• Task to carry out:
A verbatim copy of the listing is needed; pictures are to be left out.
#### Raw data ####
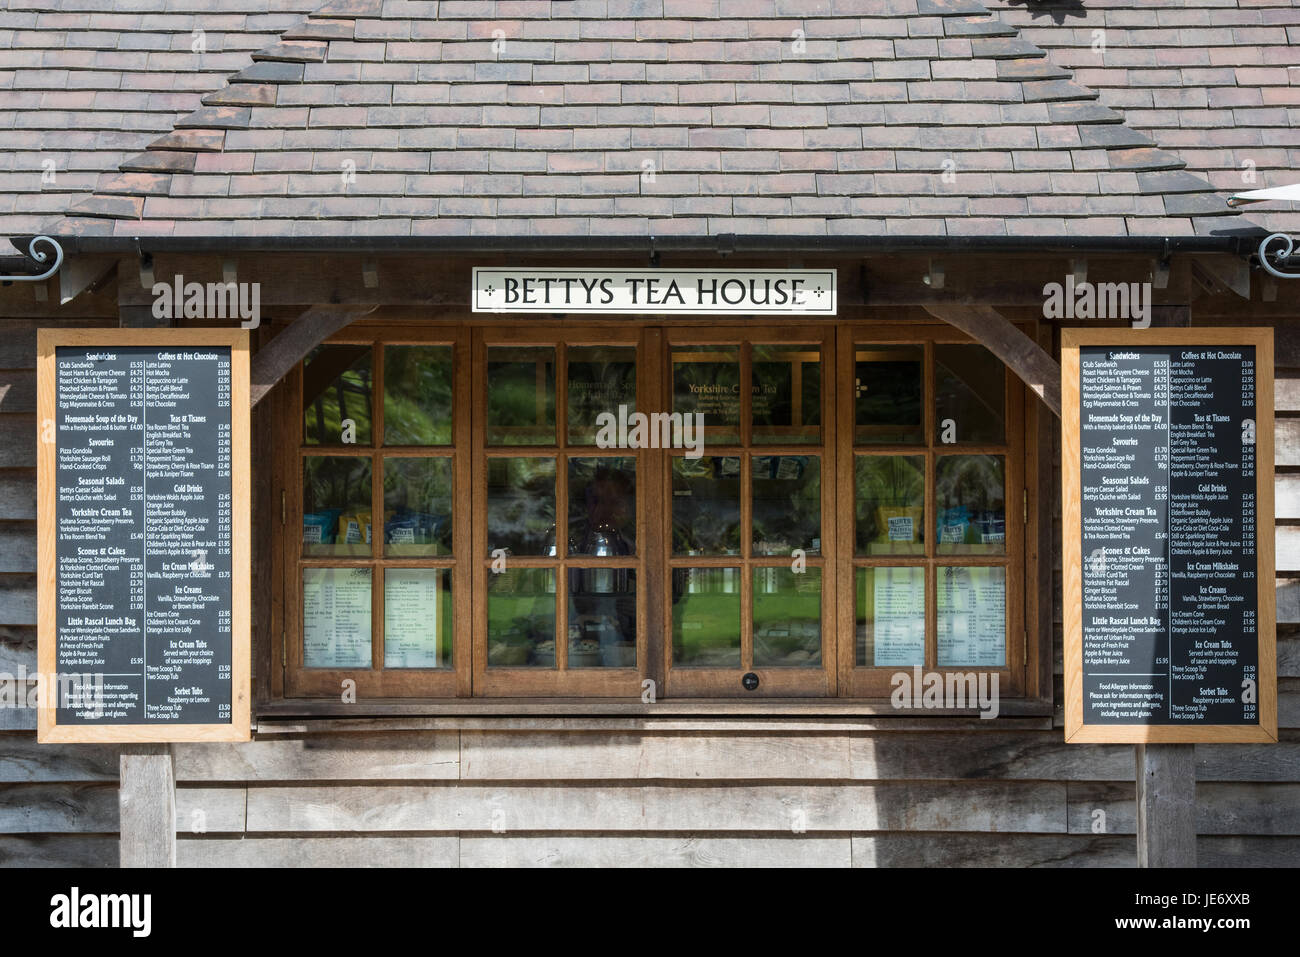 Bettys tea house kiosk in RHS Harlow Carr gardens, Harrogate, England Stock Photo
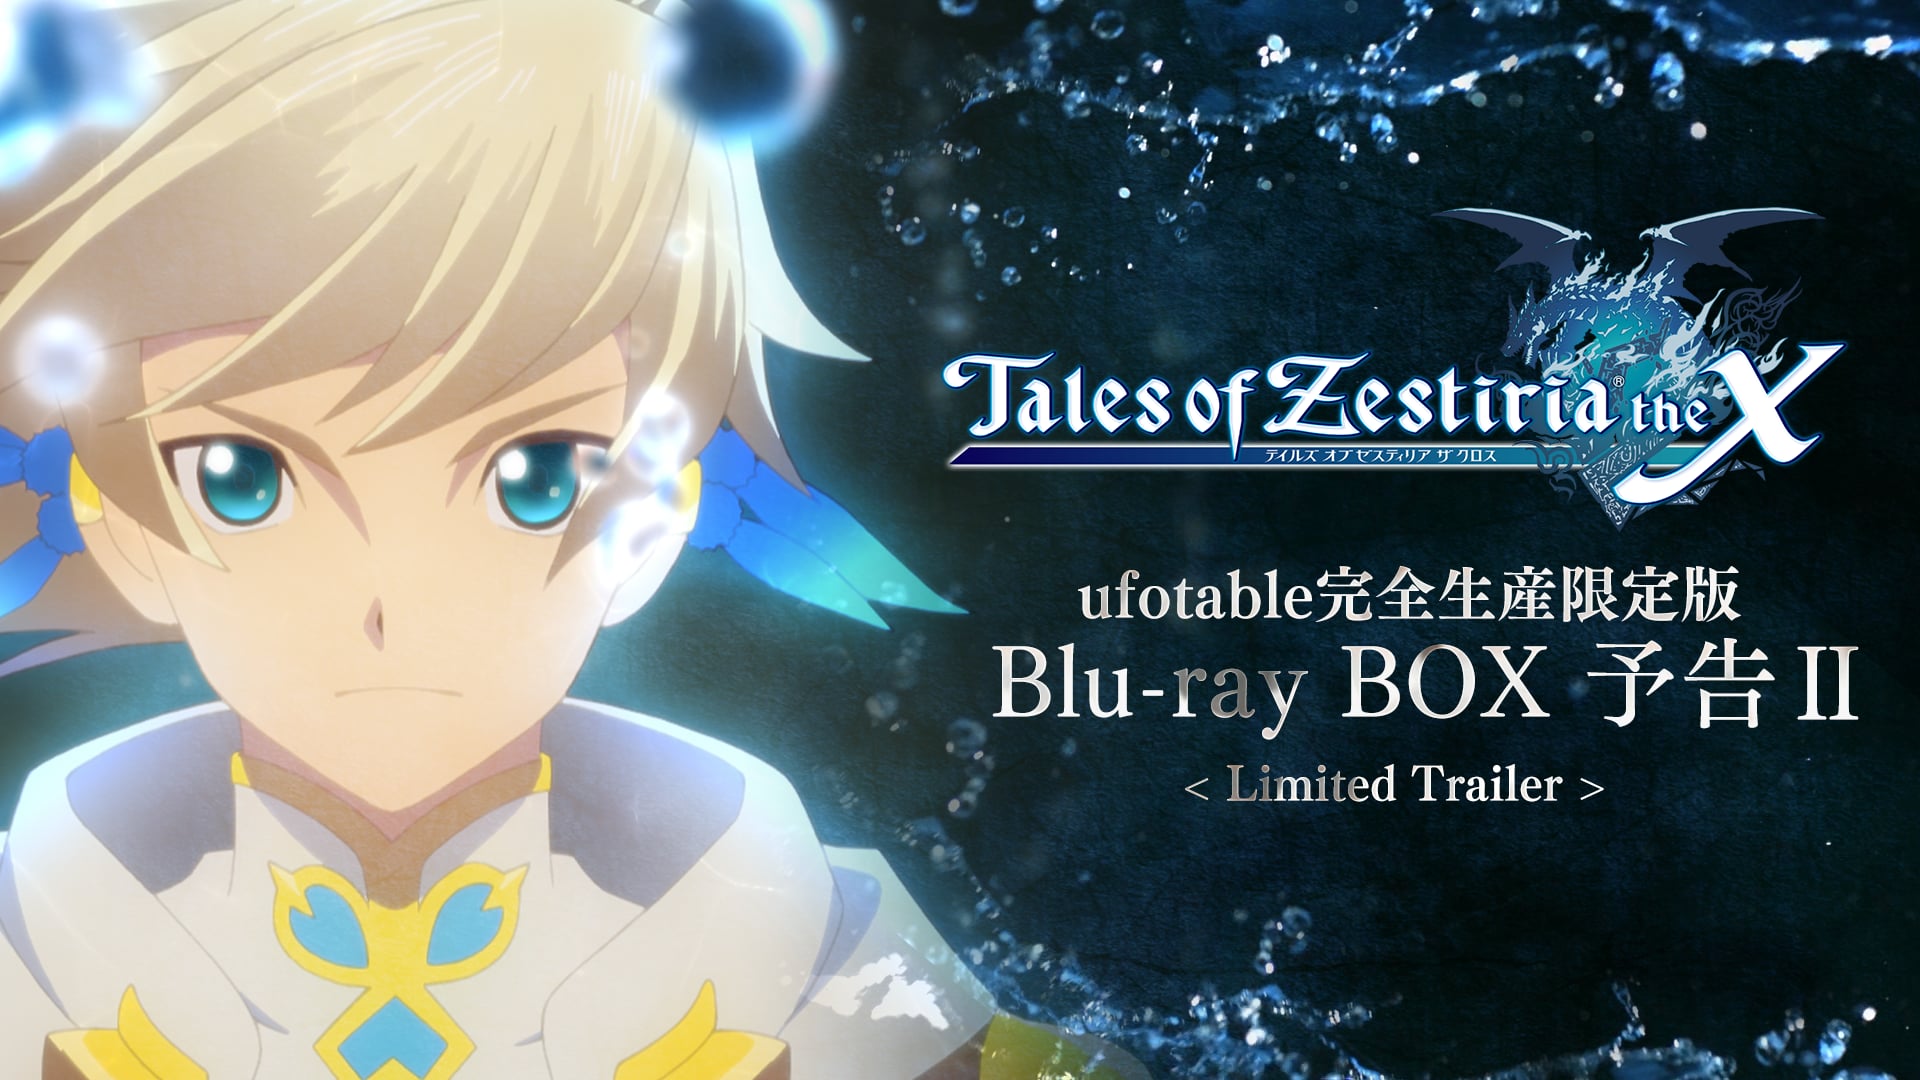 Tales of Zestiria the X ―BD BOX ufotable limited trailer Ⅱ
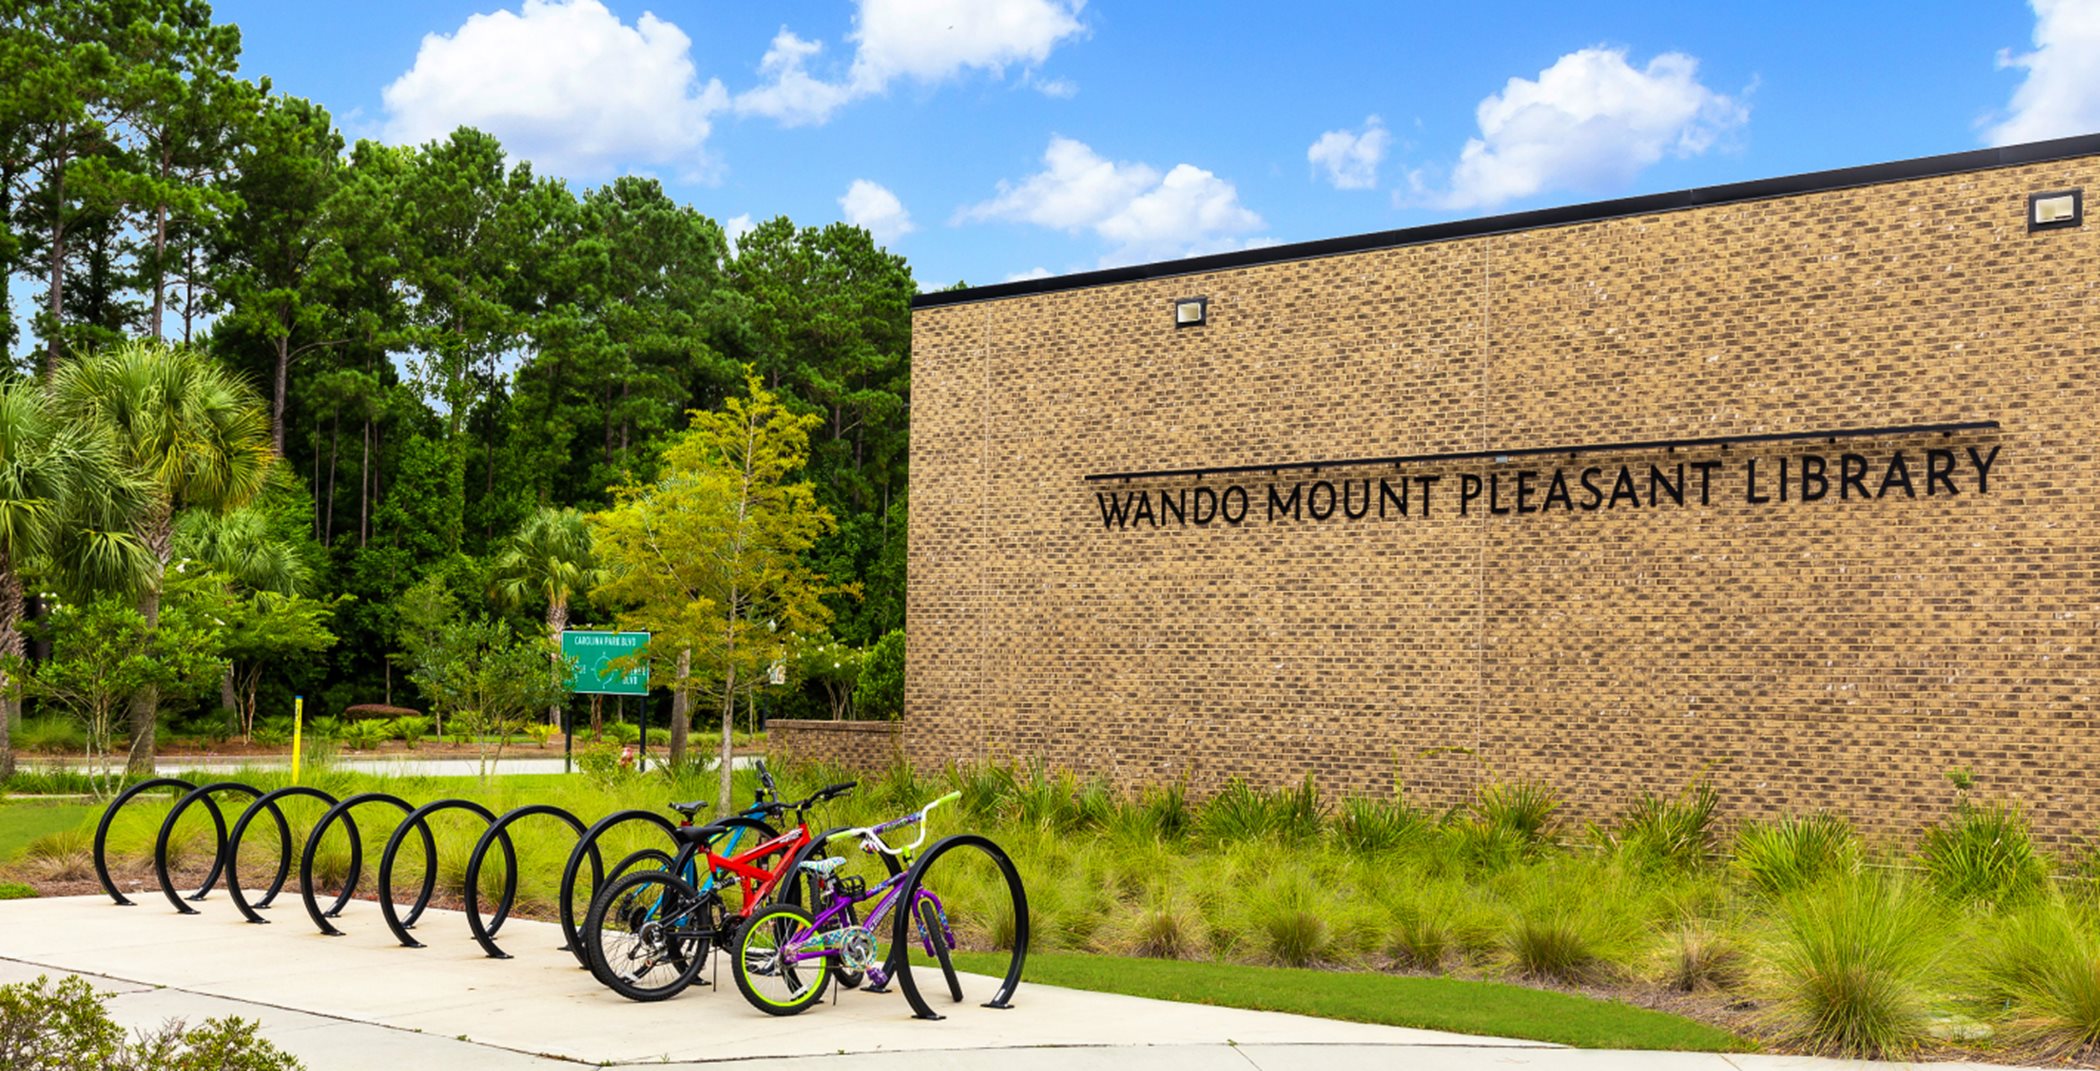 Wando Mount Pleasant Library
####
• Task response:
 Bettys tea house kiosk in RHS Harlow Carr gardens, Harrogate, England Stock Photo
 Tales of Zestiria the X ―BD BOX ufotable limited trailer Ⅱ
 Wando Mount Pleasant Library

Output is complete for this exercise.